Evaluating the Stability of Non-Adaptive Trading in Continuous Double Auctions: A Reinforcement Learning Approach

The continuous double auction (CDA) is the predominant mechanism in modern securities markets. Despite much prior study of CDA strategies, fundamental questions about the CDA remain open, such as: (1) to what extent can outcomes in a CDA be accurately modeled by optimizing agent actions over only a simple, non-adaptive policy class; and (2) when and how can a policy that conditions its actions on market state deviate beneficially from an optimally parameterized, but simpler, policy like Zero Intelligence (ZI).
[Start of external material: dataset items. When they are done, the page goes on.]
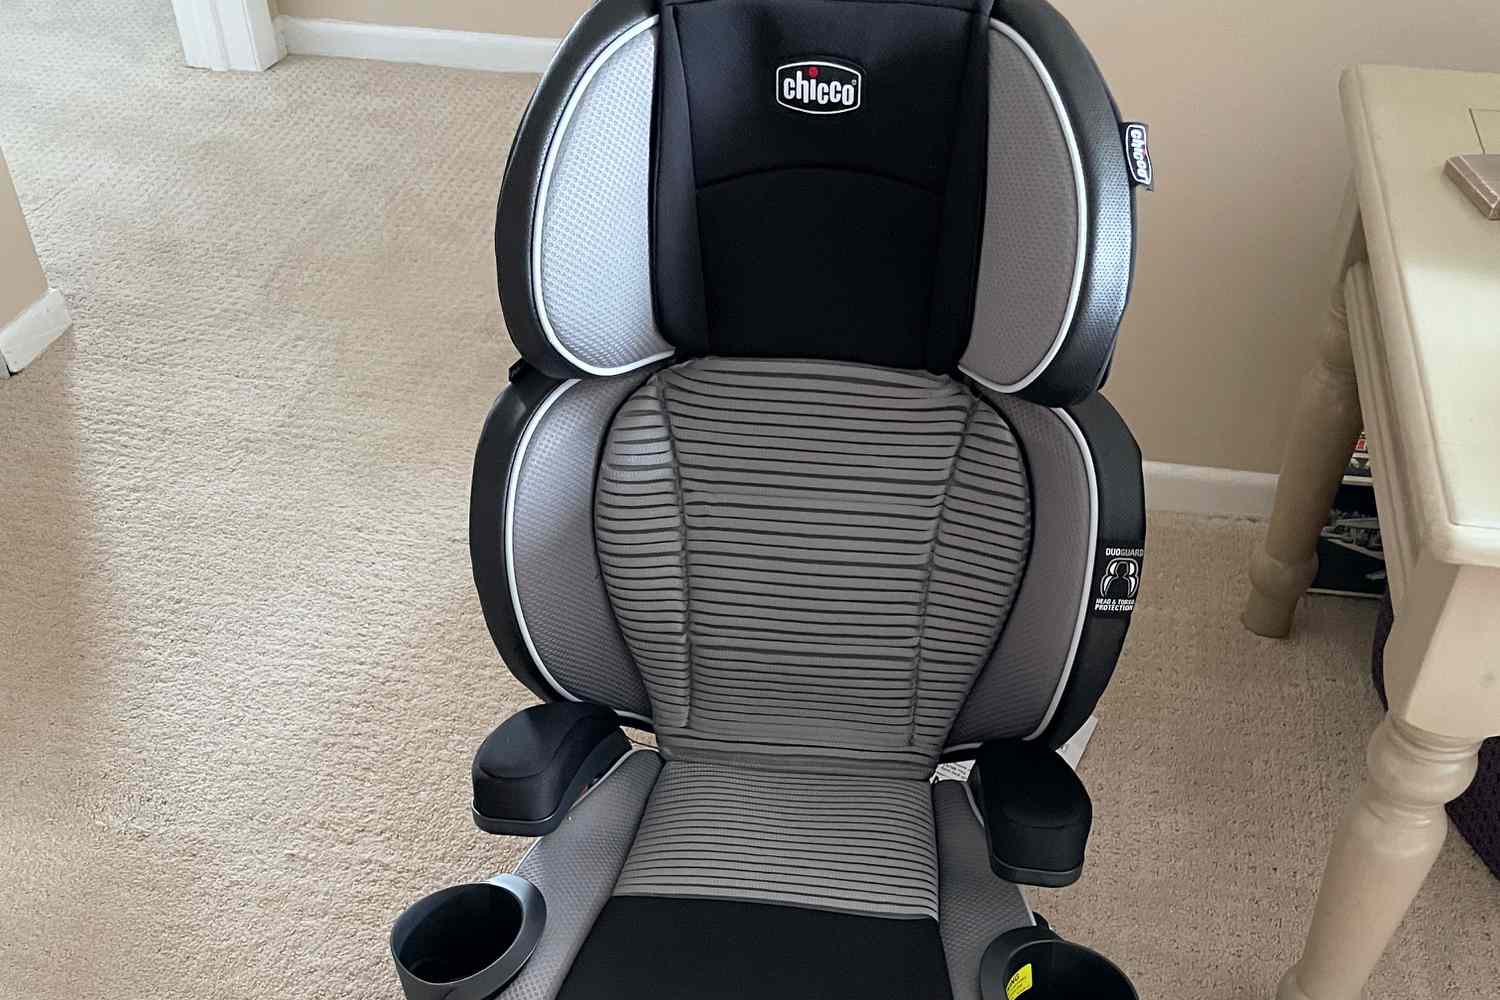 The Chicco KidFit Zip Air Plus 2-in-1 Belt-Positioning Booster Car Seat on a carpeted floor
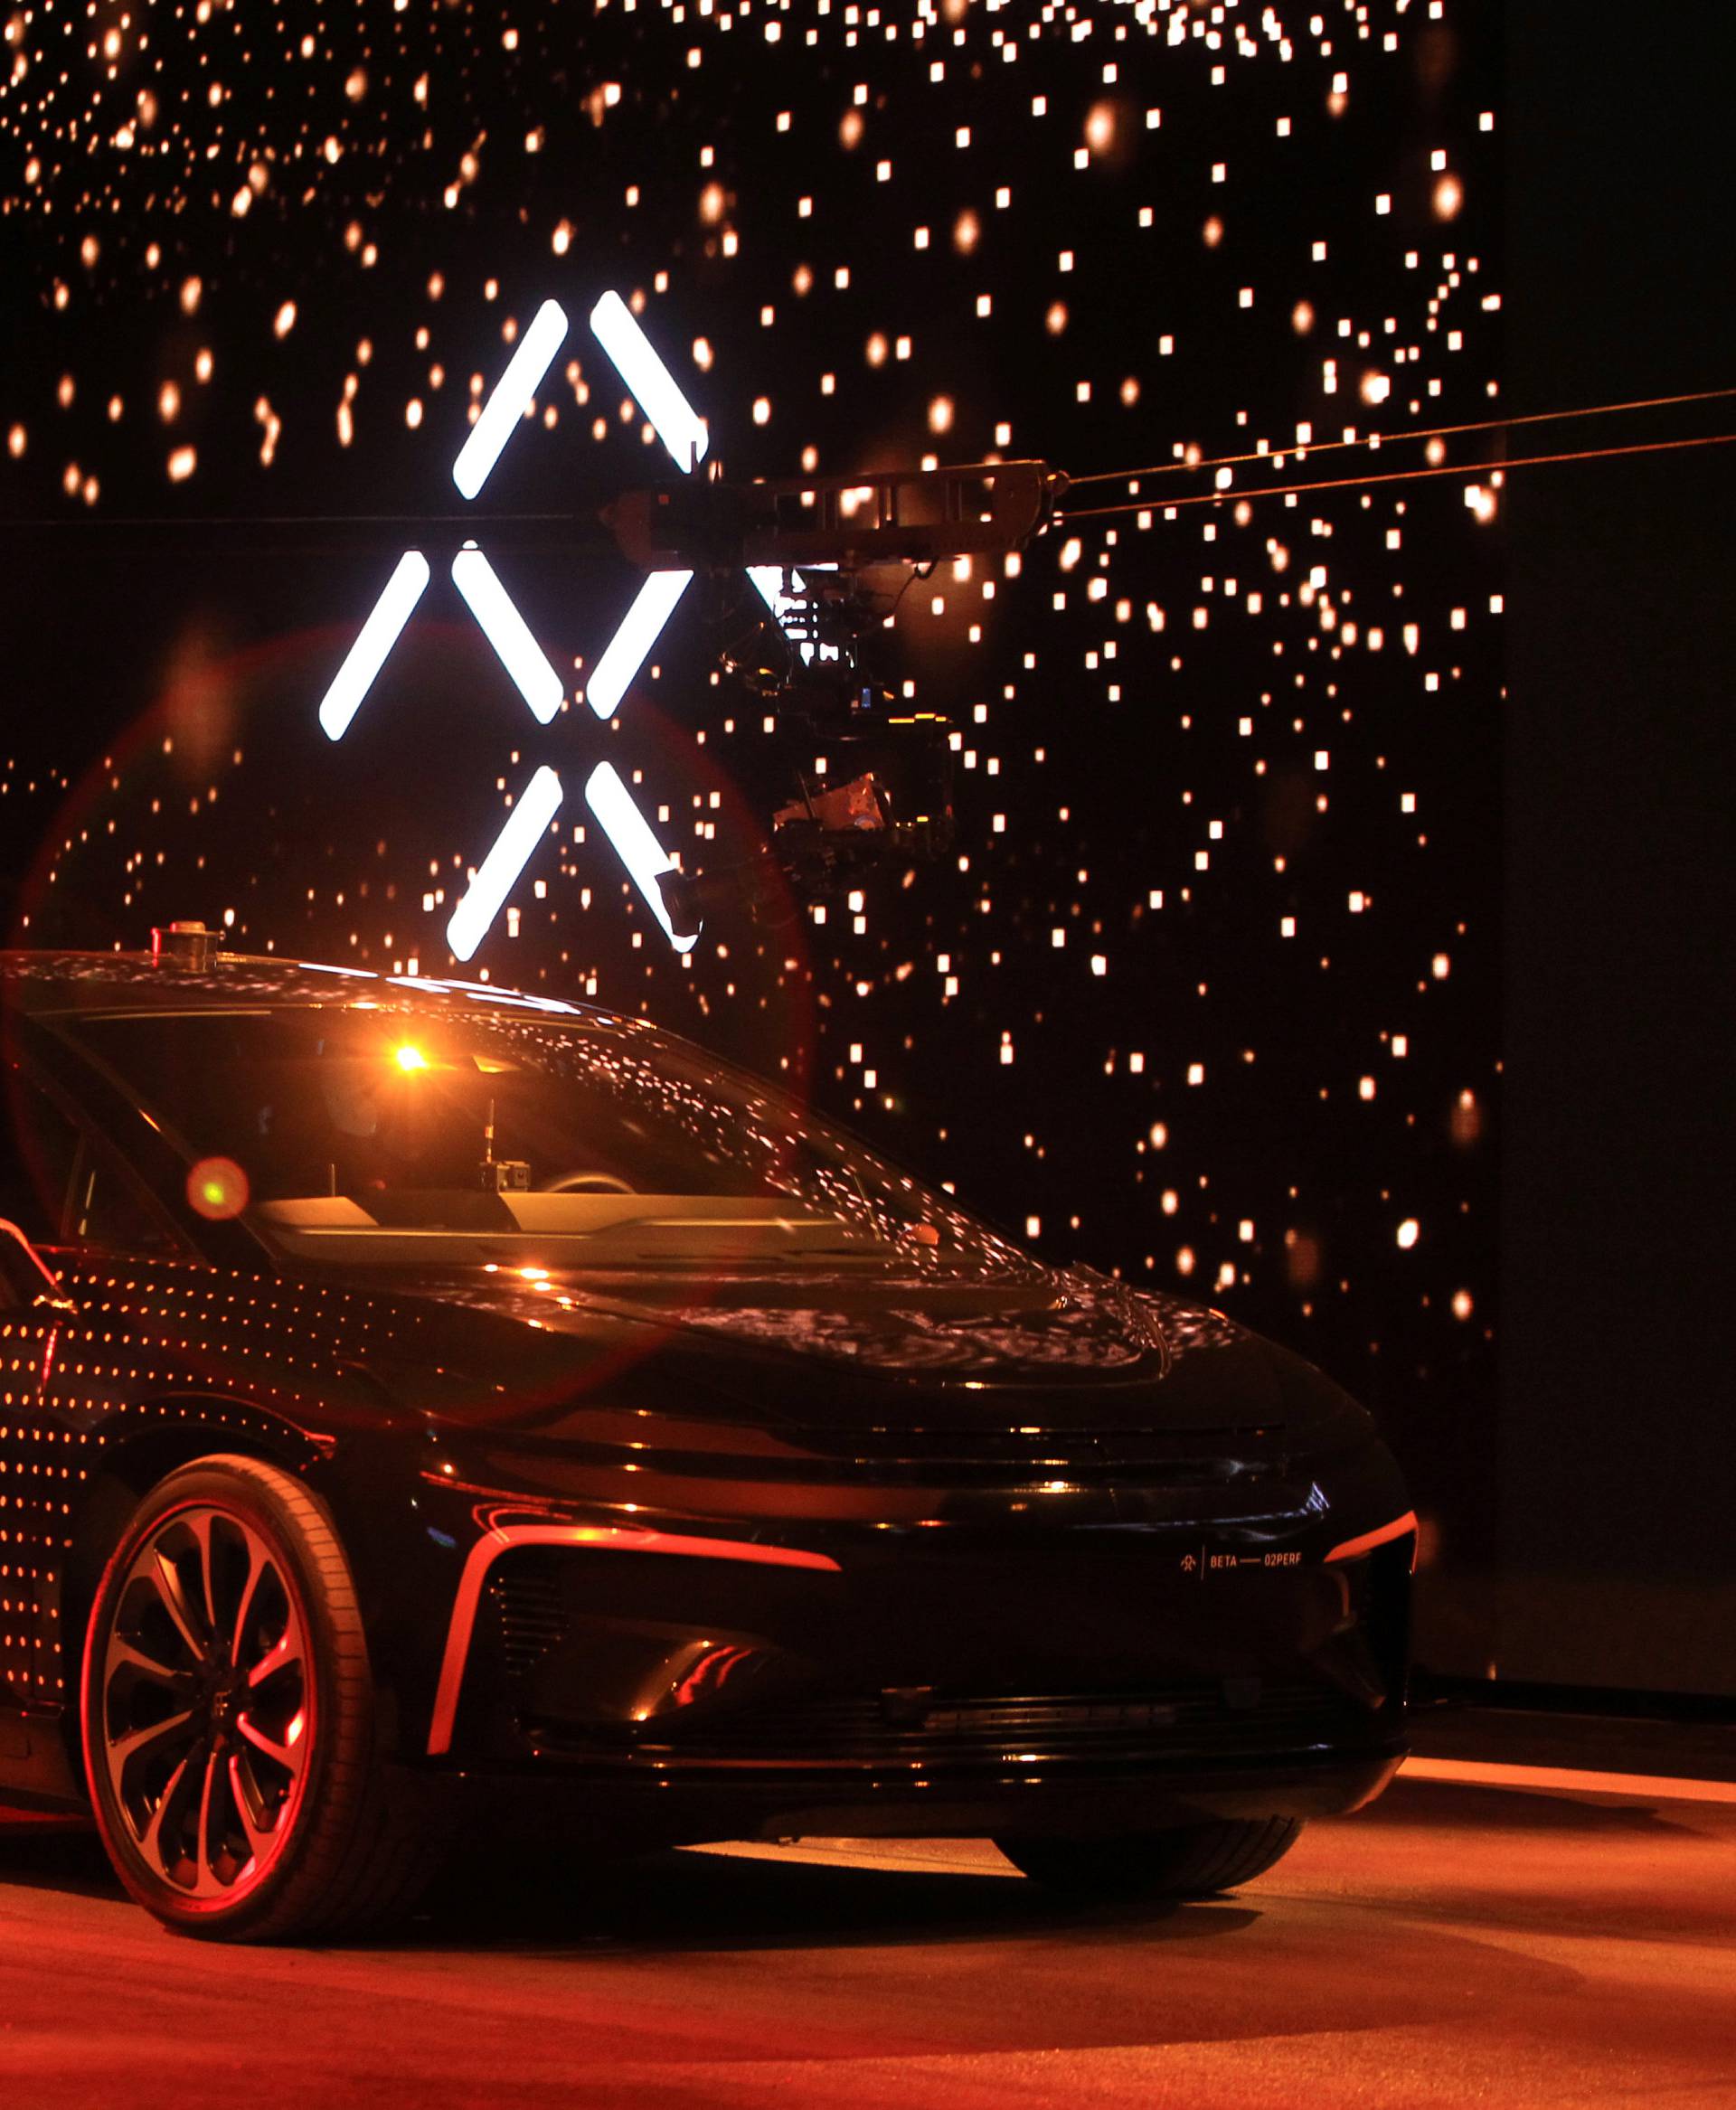 A Faraday Future FF 91 electric car arrives on stage for an exhibition of speed during an unveiling event at CES in Las Vegas
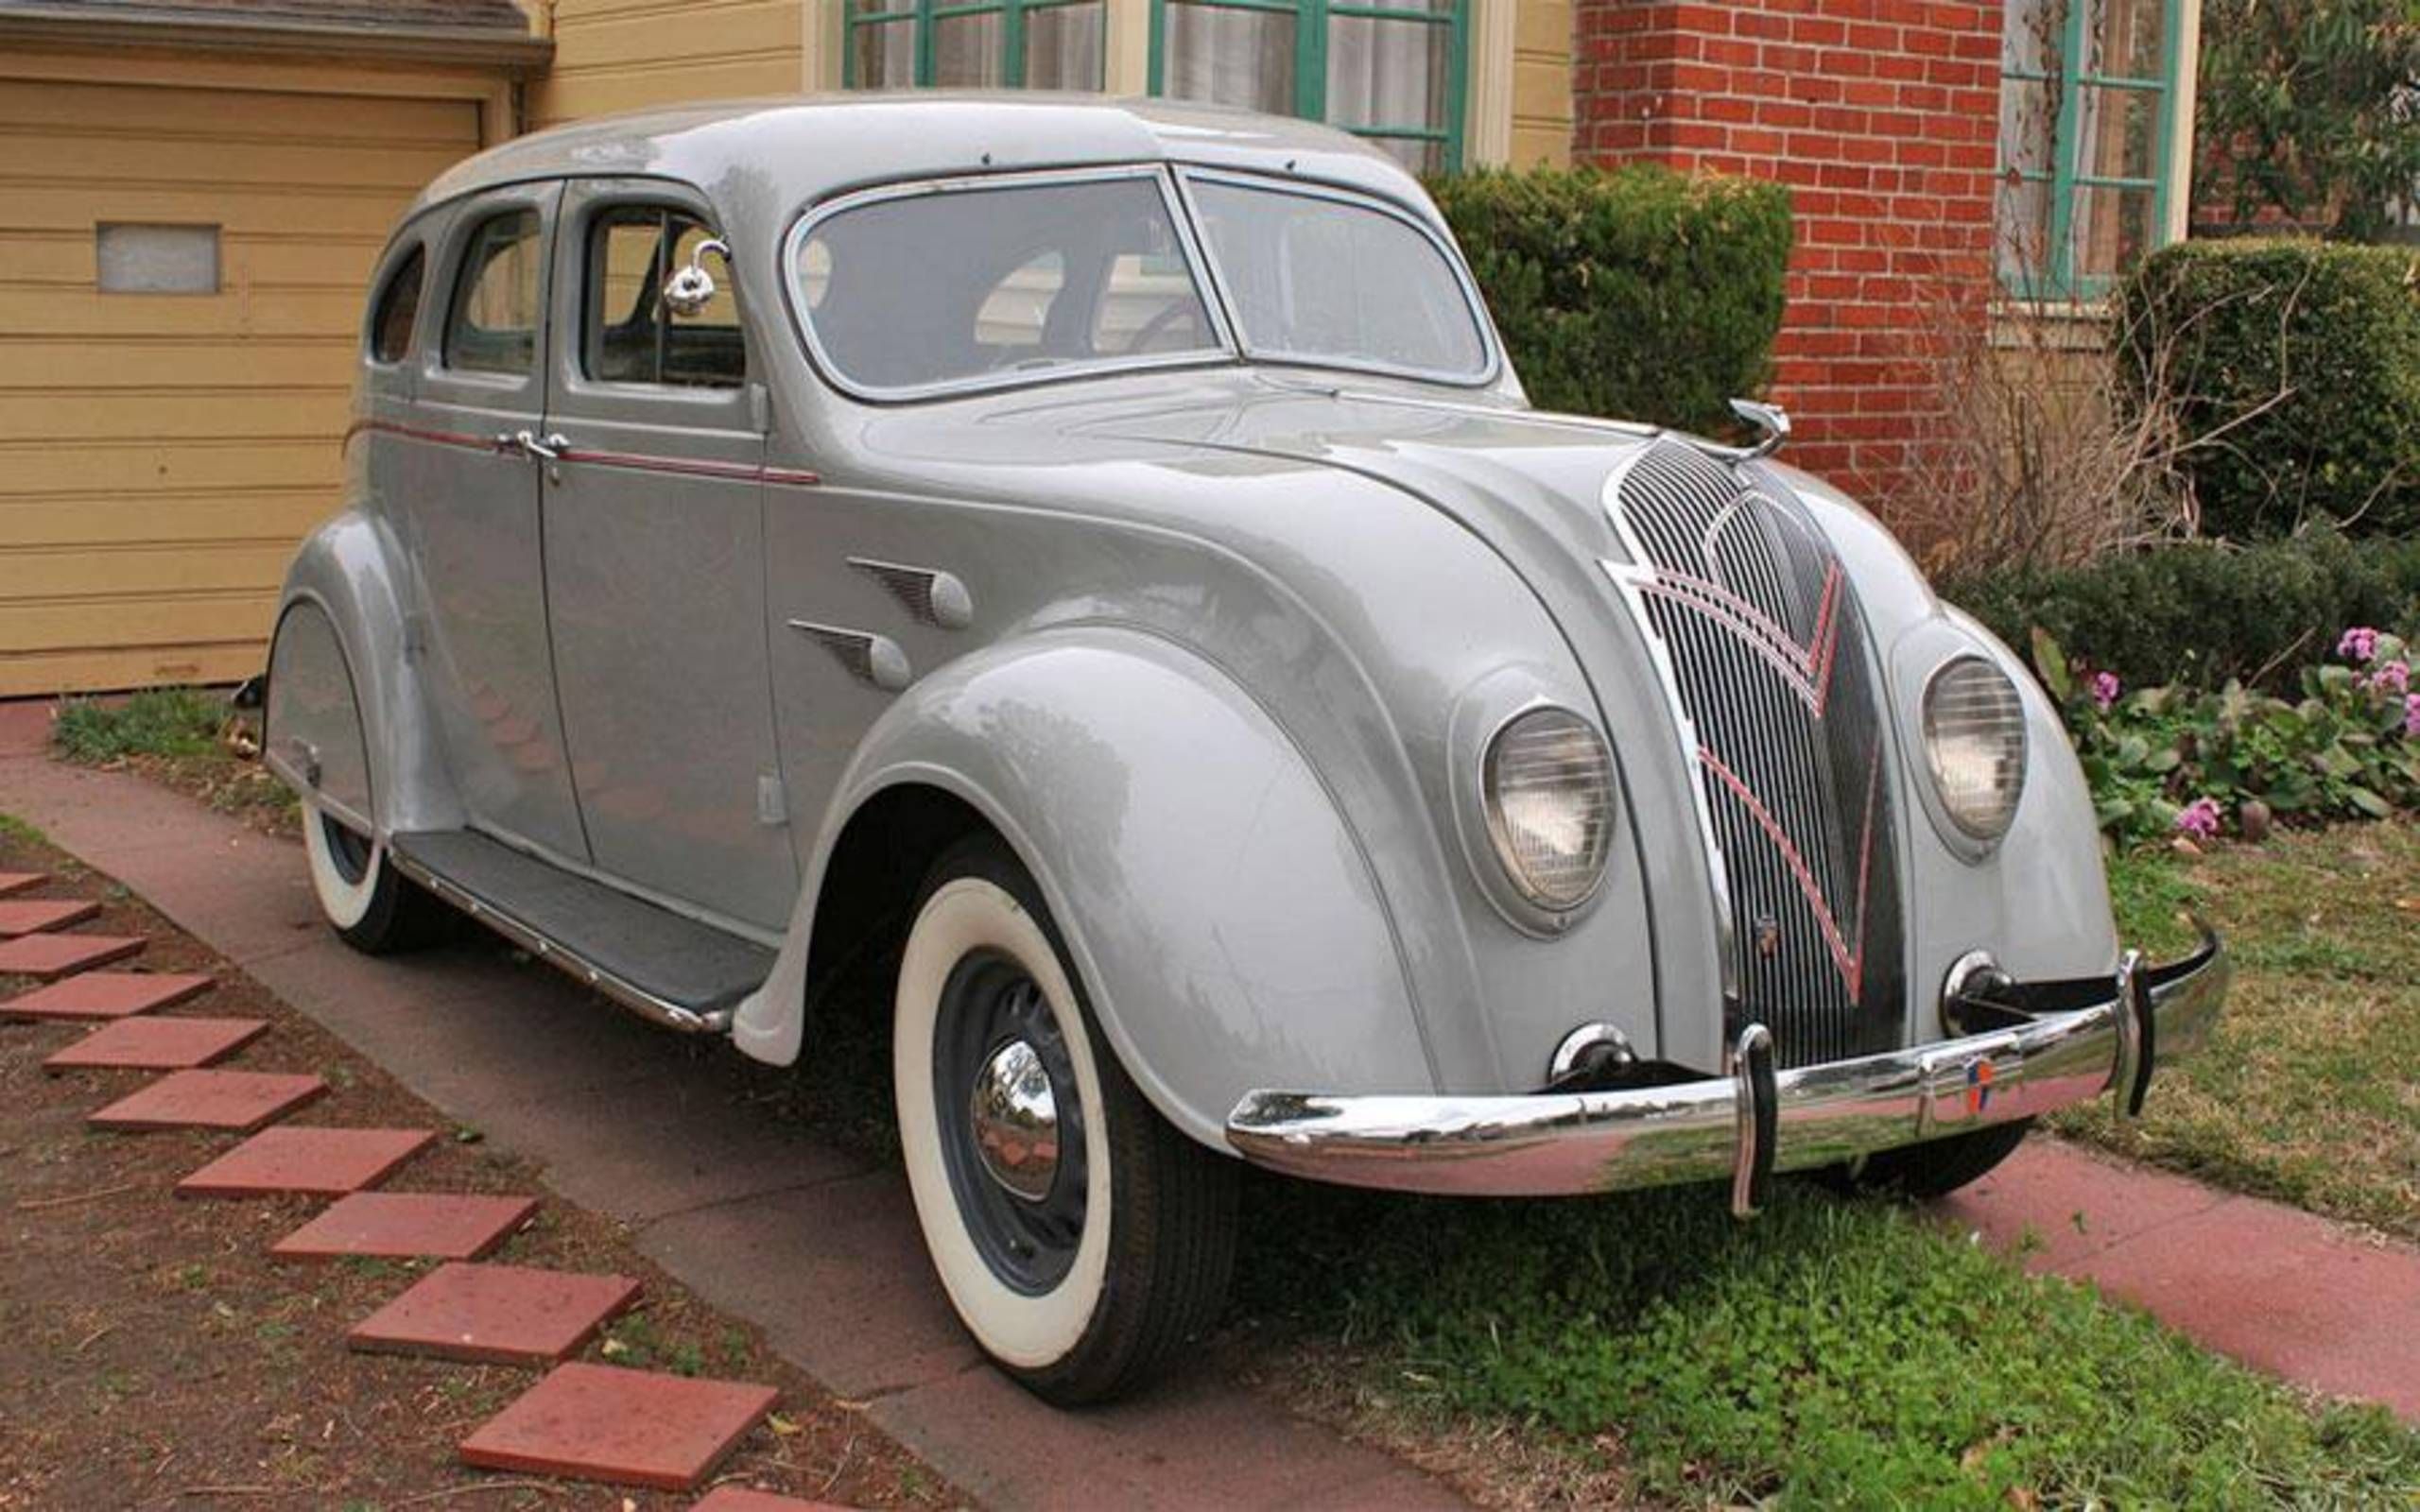 Act fast: 1936 DeSoto Airflow going once, going twice...

To investigate these questions, we present an experimental comparison of the strategic stability of policies found by reinforcement learning (RL) over a massive space, or through empirical Nash-equilibrium solving over a smaller space of non-adaptive, ZI policies. Our findings indicate that in a plausible market environment, an adaptive trading policy can deviate beneficially from an equilibrium of ZI traders, by conditioning on signals of the likelihood a trade will execute or the favorability of the current bid and ask. Nevertheless, the surplus earned by well-calibrated ZI policies is empirically observed to be nearly as great as what a deviating reinforcement learner could earn, using a much larger policy space. This finding supports the idea that it is reasonable to use equilibrated ZI traders in studies of CDA market outcomes.